その様子を見てひとまず自分たちにはまだ被害がないと安心する。何があったから分からないフリをした。
そしてドラえもんはこれからなぜのび太くんが死んだか見てこようと思う。と言った。
ドラえもんは過去に行って物事を止める事を考えてはいないのか。
そもそも焦りすぎてそこまで考えが行かないのか。
2人は止めた。もし、自分たちが犯人だとバレたらさすがのドラえもんもタダでは済ましてくれないだろう。恐れたふたりはドラえもんを止める。
スネ夫が言う「道具が原因だったらドラえもんは精神的に壊れちゃうだろう!」
ドラえもんは精神が半分壊れた状態で言う。
「まだ、僕のせいだと決まった訳じゃないじゃないか!!」
ジャイアンはこれなら大丈夫だと考える。
「いや、あんなまぬけに道具を出すからこんなことになったんだろ…!!」
ドラえもんは頭が真っ白になってしまう。
「…でも!」 「…全部ドラえもんが悪い、あんな道具を出すから」とスネ夫がトドメを刺した。
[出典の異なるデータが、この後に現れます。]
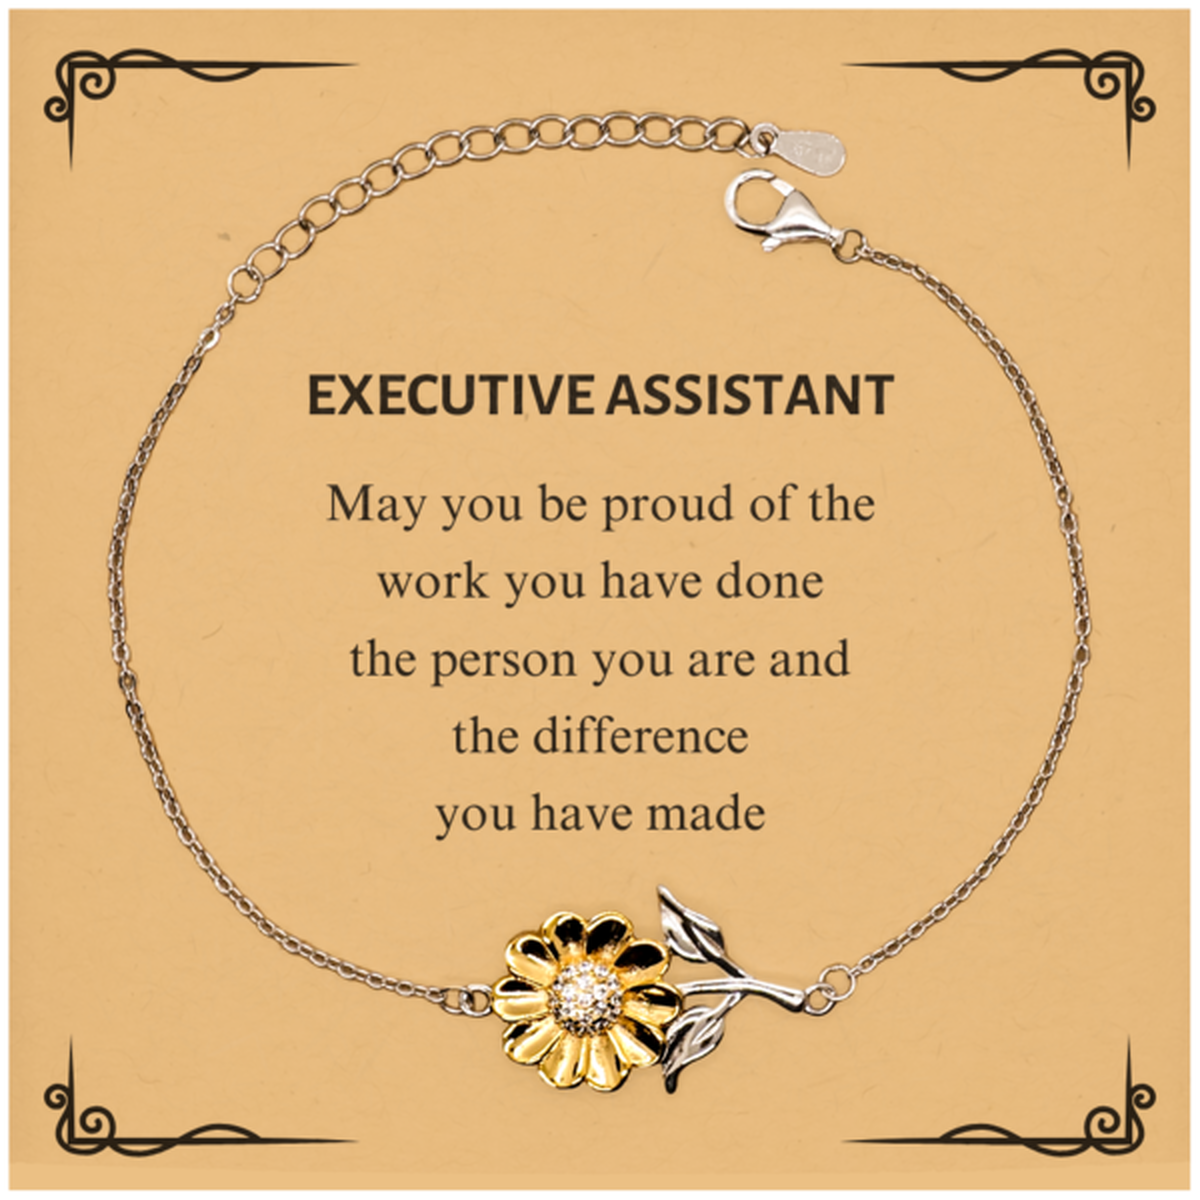 Executive Assistant May you be proud of the work you have done, Retirement Executive Assistant Sunflower Bracelet for Colleague Appreciation Gifts Amazing for Executive Assistant

その言葉を最後に完全にドラえもんは壊れてしまった。
声を一切出さずに無言で立ち去った。
ドラえもんは自責の念に押し潰され意識が朦朧としている。気づいたらのび太くんの部屋の中にいた。暫く待つこともせず。
2分間ほど部屋で呆然とする。
ゆっくりとのび太の部屋で座り、充電を止めた。